Банни идет по набережной и, свернув за угол, видит одновременно несколько любопытных вещей. Вопервых, рядом с “пунто” стоит женщина-полицейский и что-то говорит в рацию, или “уоки-токи”, или как там это у них называется. Во-вторых, на ней голубая суконная форма, из-за которой ее сиськи выглядят очень властно и грозят лишением свободы, и это немедленно бьет Банни прямиком в член. И наконец, в-третьих, она определенно не лесби, потому что задница у нее приподнятая и невероятно подтянутая. И только когда он подходит к ней совсем близко, все еще борясь с грохотом фортепиано в голове, Банни задумывается, а какого черта она вообще здесь делает.

– Чем могу служить? – спрашивает Банни. Женщина-полицейский перестает говорить в рацию, и оттуда раздается статический треск. Банни оглядывает свисающее с ее ремня тяжелое, хардкоровое снаряжение: наручники, дубинку, газовый баллон, а также ее торпедоподобные груди и ощущает, несмотря на мрачное расположение духа, нечто вроде алхимической трансмутации, которая происходит в его леопардовых трусах, где мягкая и безвредная мышь превращается в супермогущественный стояк с планеты Криптон, и Банни тогда задумывается – так, не слишком осознанно, – а не больше ли пользы было бы обществу, если бы конкретно этого офицера полиции держали подальше от толпы; нашли бы ей работу за столом в каком-нибудь таком месте, где все время адски холодно или типа того.

– Это ваш сын? – спрашивает женщина-офицер.

– Да, мой, – отвечает Банни, опытной рукой прикрывая переднюю часть вознесшихся крутым холмом брюк и в то же время подмечая номер у женщины на погоне – пв388.

– Он говорит, что…

– Вы с ним разговаривали? – перебивает ее Банни и заглядывает в окно “пунто”, где Банни-младший распластался по пассажирскому сиденью, и сразу видно, что мальчик не в себе: голова у него запрокинута, а изо рта сбоку вываливается язык.

– Он говорит, что плохо себя чувствует.

– И? – просит продолжения Банни, но чувствует, что с него хватит.

– Назовите ваше имя, сэр, – говорит офицер суперделовым тоном.

– Мое имя – Банни Манро, – отвечает он, наклоняется к ней поближе и по-кроличьи принюхивается. – Это что, “Шанель”?

– Прошу прощения?

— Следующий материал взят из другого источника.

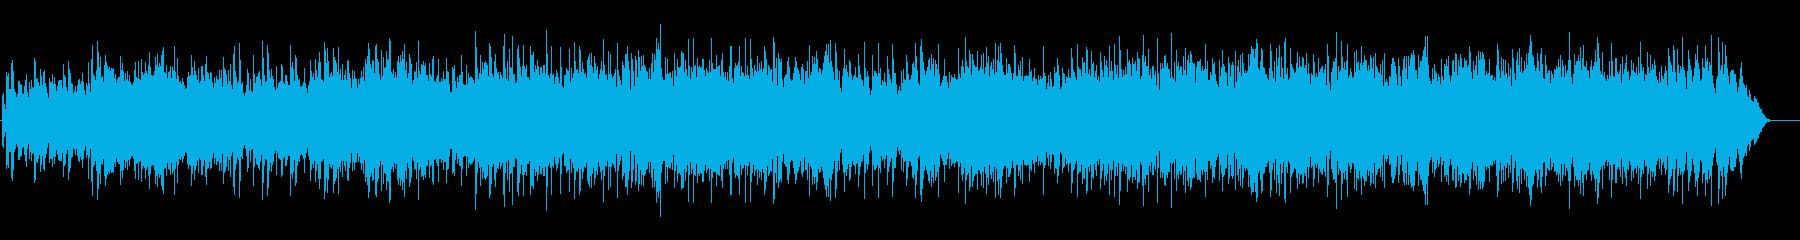 晴れわたる流麗なソフト・バラードの再生済みの波形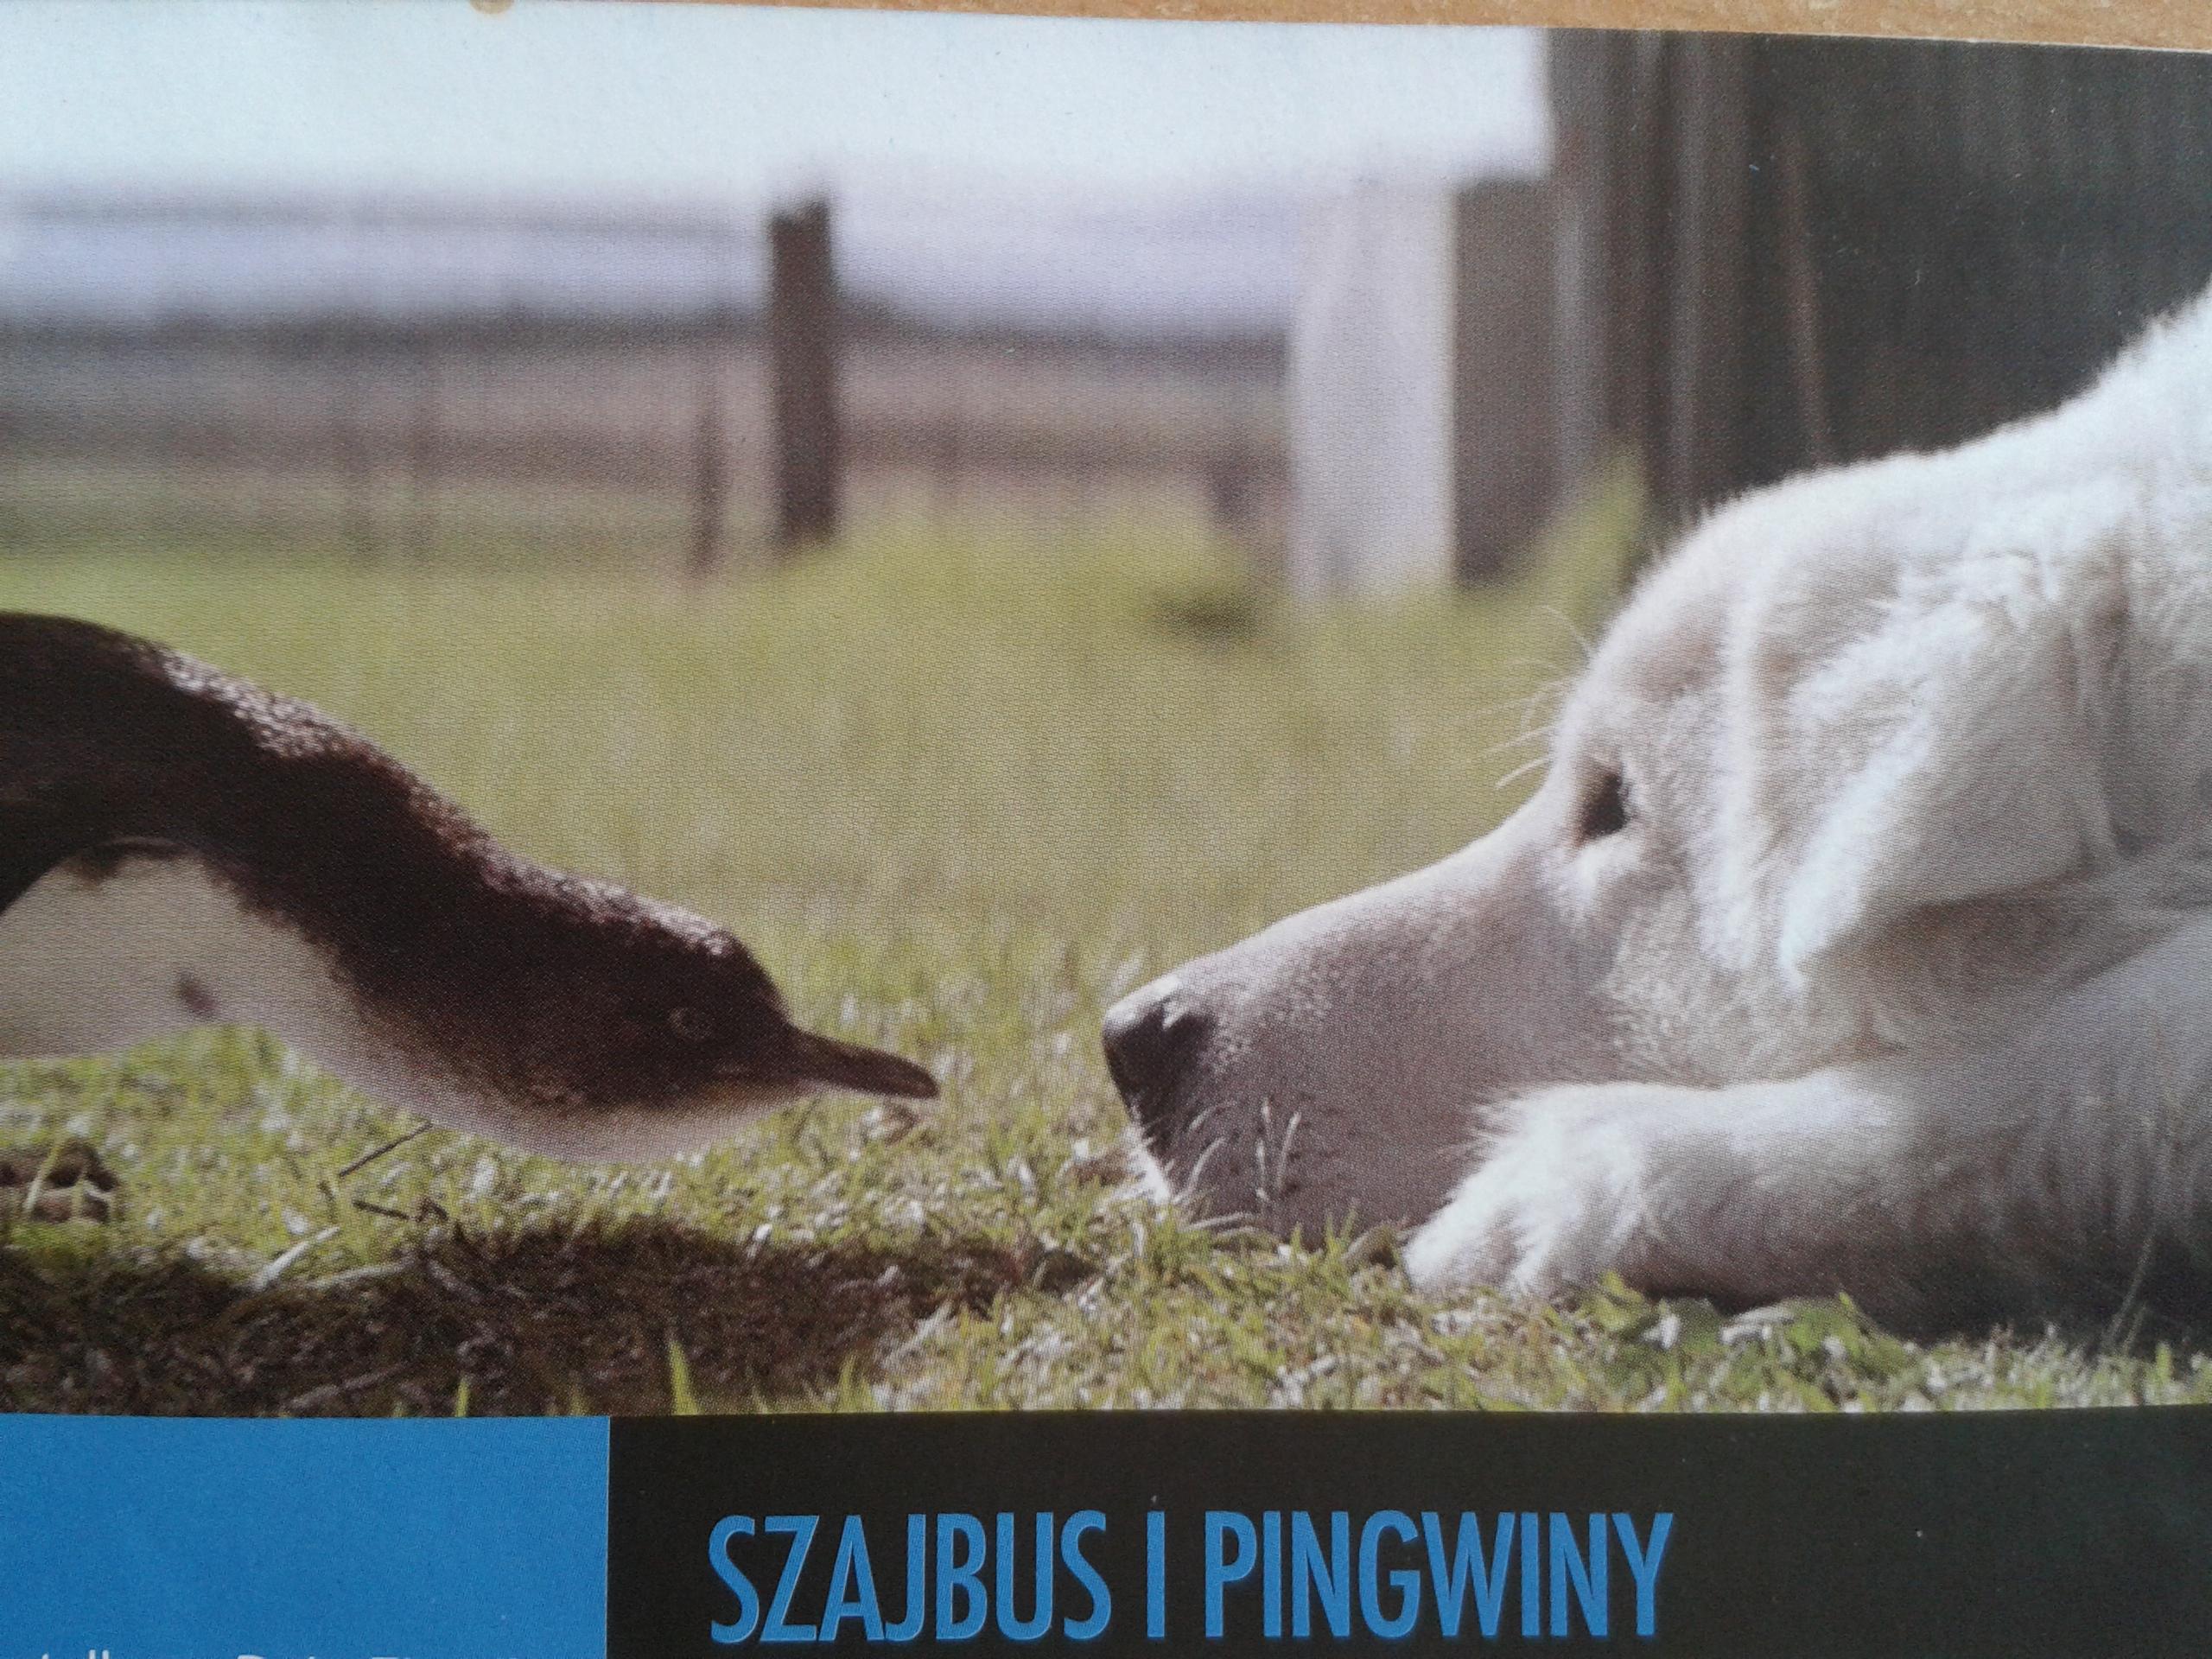 """Lekcja w kinie i projekcja filmu """"Szajbus i pingwiny"""", kl. I-III, 24 kwietnia 2017 r."""

Банни наклоняется еще ближе и снова принюхивается.

– Ваши духи, – поясняет он. – Очень приятные.

– Сделайте, пожалуйста, шаг назад, сэр, – говорит полицейский, опускает руку на ремень и нащупывает газовый баллон, устроившийся в своей маленькой кобуре.

– Наверное, стоили кучу бабла, – не унимается Банни. Женщина-офицер меняет положение, твердо упираясь ногами в землю. Банни чувствует, что она на этой работе недавно, и замечает возбужденный нервный блеск в ее глазах и капельку пены на нижней губе, как будто бы настал момент, которого она ждала всю свою профессиональную жизнь или даже дольше.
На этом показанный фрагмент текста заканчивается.